RUCELI, FAMIGLIA. - Famiglia fiorentina. Capostipite conosciuto è un ALAMANNO, che nel sec. XIII, per avere estratto da una pianta detta oricella una tinta per colorare le lane, ebbe il soprannome «oricellario».
I R., arricchitis con la mercatura, si segnalarono per attività culturale e mecenatismo. GIOVANNI di Paolo (1403-81) fece costruire, su disegno di Leon Battista Alberti, il palazzo familiare e la facciata di S. Maria Novella. BERNARDO di Giovanni (1448-1514) sposò Nannina, nipote di Cosimo il Vecchio: favorito da Lorenzo de' Medici fu, invece, osteggiato da Piero; più tardi, in odio al Soderini, si ravvicinò ai Medici: fu autore di storie; e gli «Orti Oricellari», divennero sede dell'Accademia platonica (per suo figlio GIOVANNI V. sotto).
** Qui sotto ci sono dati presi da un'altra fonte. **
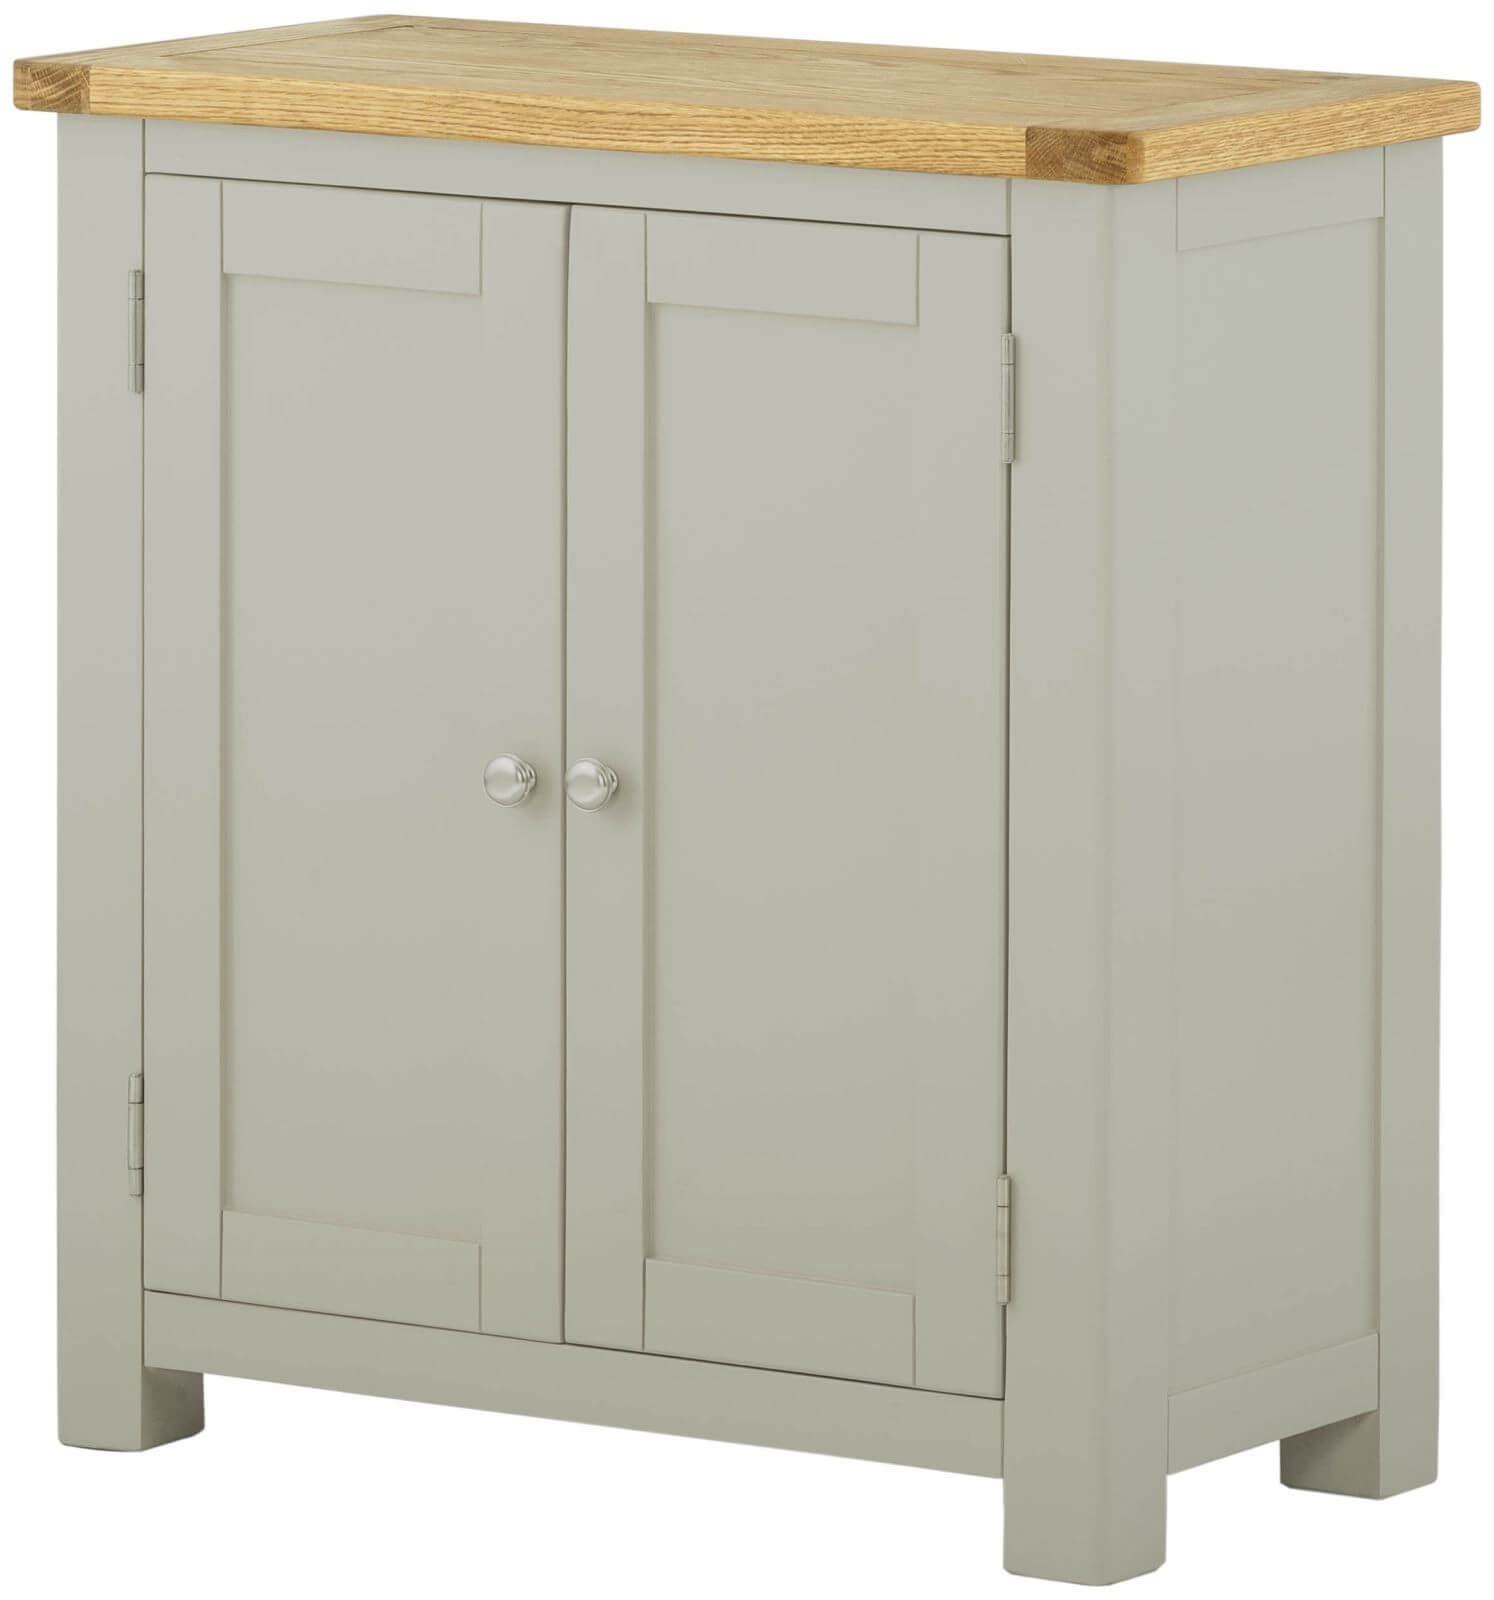 Showing image for Seattle 2-door cabinet - stone

Altri ecclesiastici furono: PANDOLFO di Giovanni (1436-1497), domenicano di S. Marco con il nome di fra Santi, onorato nell'Ordine come venerabile; SIMONE di Vanni (1460-1514), canonico fiorentino, rettore dello Studio di Pisa, collettore apostolico di Toscana sotto Alessandro VI e cameriere di Giulio II; FRANCESCO di Filippo (1466-1503), vescovo di Pesaro nel 1499, vicelegato a Bologna nel 1502; ANNIBALE di Luigi (m. il 28 genn. 1601 a Roma) che, vissuto in Francia dove ebbe il vescovato di Carcassona (1° apr. 1569), al suo ritorno in Italia fu da Clemente VIII nominato legato di Bologna e Ancona e maestro di casa; LUIGI di Orazio (m. nel 1627), che seguì in Francia Maria de' Medici e dopo averle dato larghi aiuti, caduto in disgrazia del Richelieu, si dette alla milizia e morì in battaglia. Nel sec. XVIII va ricordato GIULIO di Paolo Benedetto (1702-78), professore nell'Università di Pisa, ministro delle finanze sotto Pietro Leopoldo, ispiratore della politica giurisdizionalistica di lui.
GIOVANNI, poeta, n. a Firenze il 20 ott. 1475, m. a Roma il 3 apr. 1525.
Cugino di Leone X, pur nelle cure politiche compose due tragedie: la Rosmunda e l'Oreste. Divenuto ecclesiastico, fu nominato da Clemente VII castellano di Castel S. Angelo, nella cui carica morì alla vigilia di ricevere il cappello cardinalizio. L'opera sua più nota è l'elegante poemetto didascalico Le Api, dedicato al Trissino, e in gran parte condotto sul IV l. delle Georgiche di Virgilio.
Contiene un accenno (vv. 358-79) all'elezione al pontificato di Clemente VII.